To make this work in procedural code, the standard blocks apply:
DECLARE
v_position pls_integer;
... other variables
BEGIN
sql code and function calls;
END
SQL Fiddle
Oracle 11g R2 Schema Setup:
CREATE TABLE finddate
(column1 varchar2(11), column2 varchar2(39))
;
INSERT ALL
INTO finddate (column1, column2)
VALUES ('row1', '1234567 242424 2015.06.07. 12125235')
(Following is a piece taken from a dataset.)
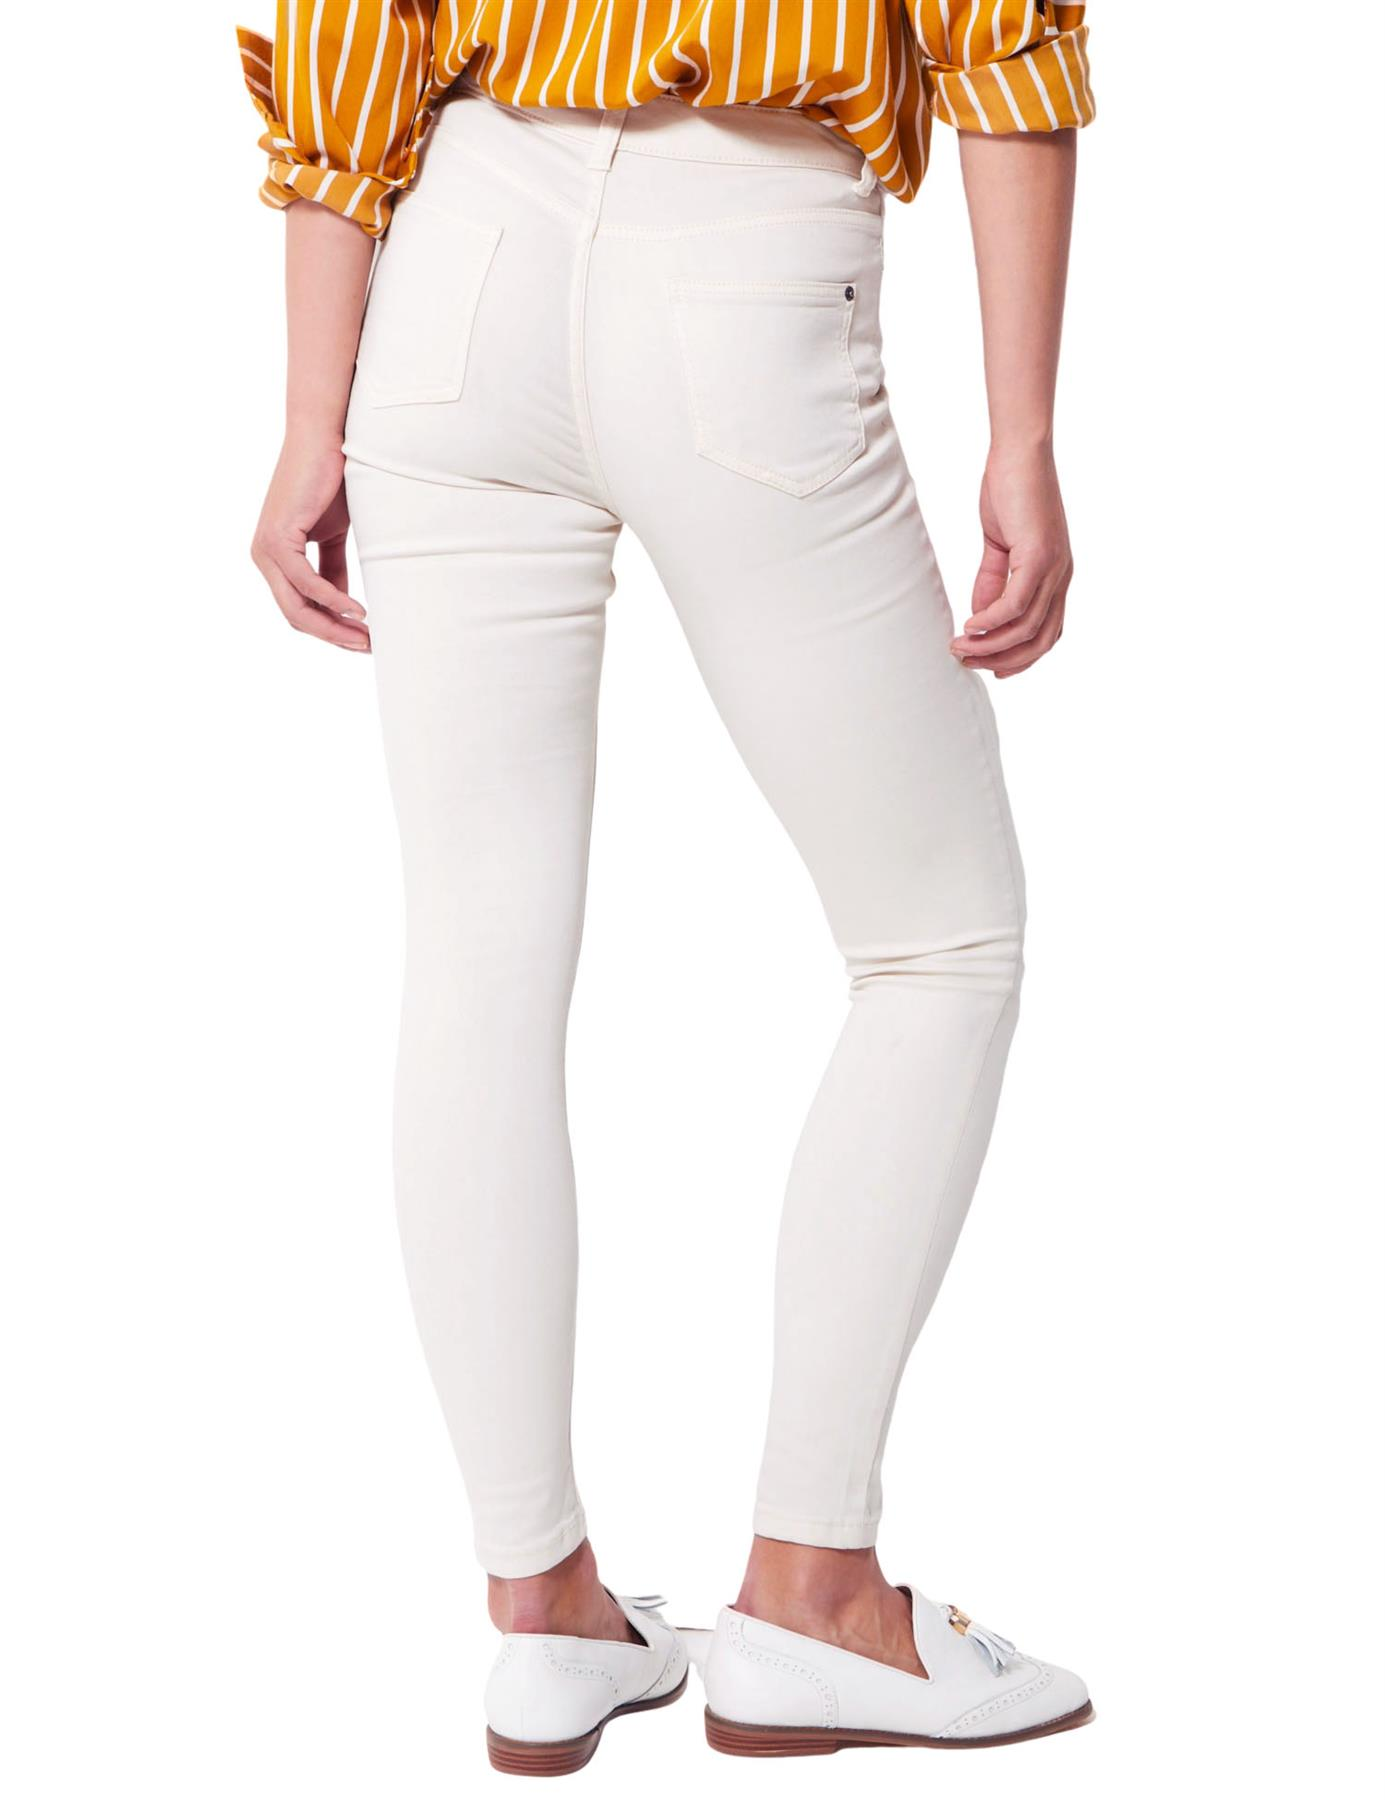 Ex M/&S Womens Ivory Cream Skinny Slim Leg Jeans Plait Trim Short Reg Long

INTO finddate (column1, column2)
VALUES ('string2', '1234567 242424 2015.06.07. 12125235')
SELECT * FROM dual
;
Query 1:
select instr(column2,'.',1) from finddate
where column1 = 'string2'
select substr(column2,(20-4),10) from finddate
select to_date('2015.06.07','YYYY.MM.DD') from finddate
Results:
| TO_DATE('2015.06.07','YYYY.MM.DD') |
|------------------------------------|
| June, 07 2015 00:00:00 |
| June, 07 2015 00:00:00 |
Here's a way using regexp_replace() that should work with 10g, assuming the format of the lines will be the same:
with tbl(col_string) as
(
select 'There is something 2015.06.06. in the air 1234567 242424 2015.06.07. 12125235'
from dual
)
select regexp_replace(col_string, '^.*(\d{4}\.\d{2}\.\d{2})\. \d*$', '\1')
from tbl;
The regex can be read as:
^ - Match the start of the line
. - followed by any character
* - followed by 0 or more of the previous character (which is any character)
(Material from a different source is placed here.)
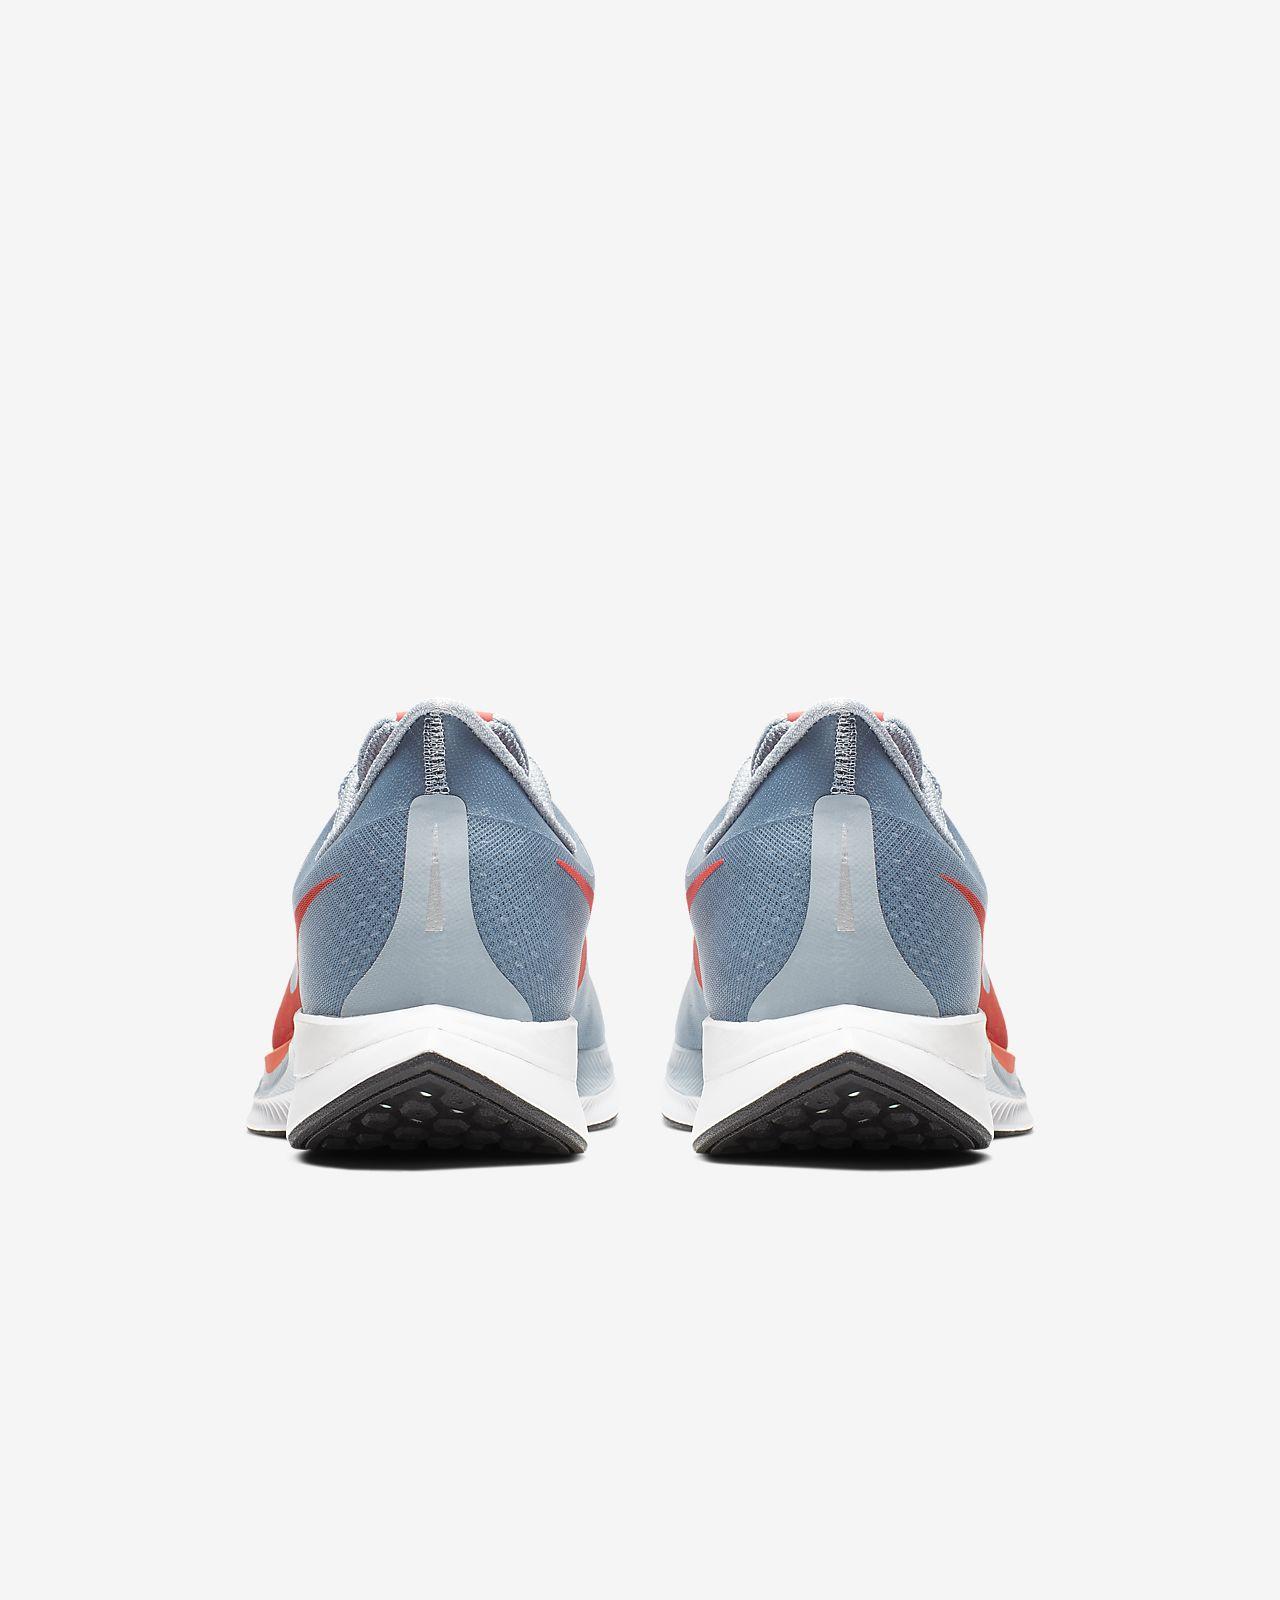 0612e328aed Nike Zoom Pegasus Turbo Men's Running Shoe. Nike.com AU

( - Start a remembered group
\d{4}\.\d{2}\.\d{2} - 4 digits followed by a literal period followed by 2 digits, etc
) - End the first remembered group
\. - followed by a literal period
- followed by a space
\d* - followed by any number of digits
$ - followed by the end of the line
regexp_replace then replaces all that with the first remembered group (\1).
Basically describe the whole line as a regular expression, group around what you want to return. You will most likely need to tweak the regex for the end of the line if it could be other characters than digits but this should give you an idea.
For the sake of argument this works too ONLY IF there are 2 occurrences of the date pattern:
with tbl(col_string) as
(
select 'There is something 2015.06.06. in the air 1234567 242424 2015.06.07. 12125235' from dual
)
select regexp_substr(col_string, '\d{4}\.\d{2}\.\d{2}', 1, 2)
from tbl;
returns the second occurrence of the pattern. I expect the above regexp_replace more accurately describes the solution.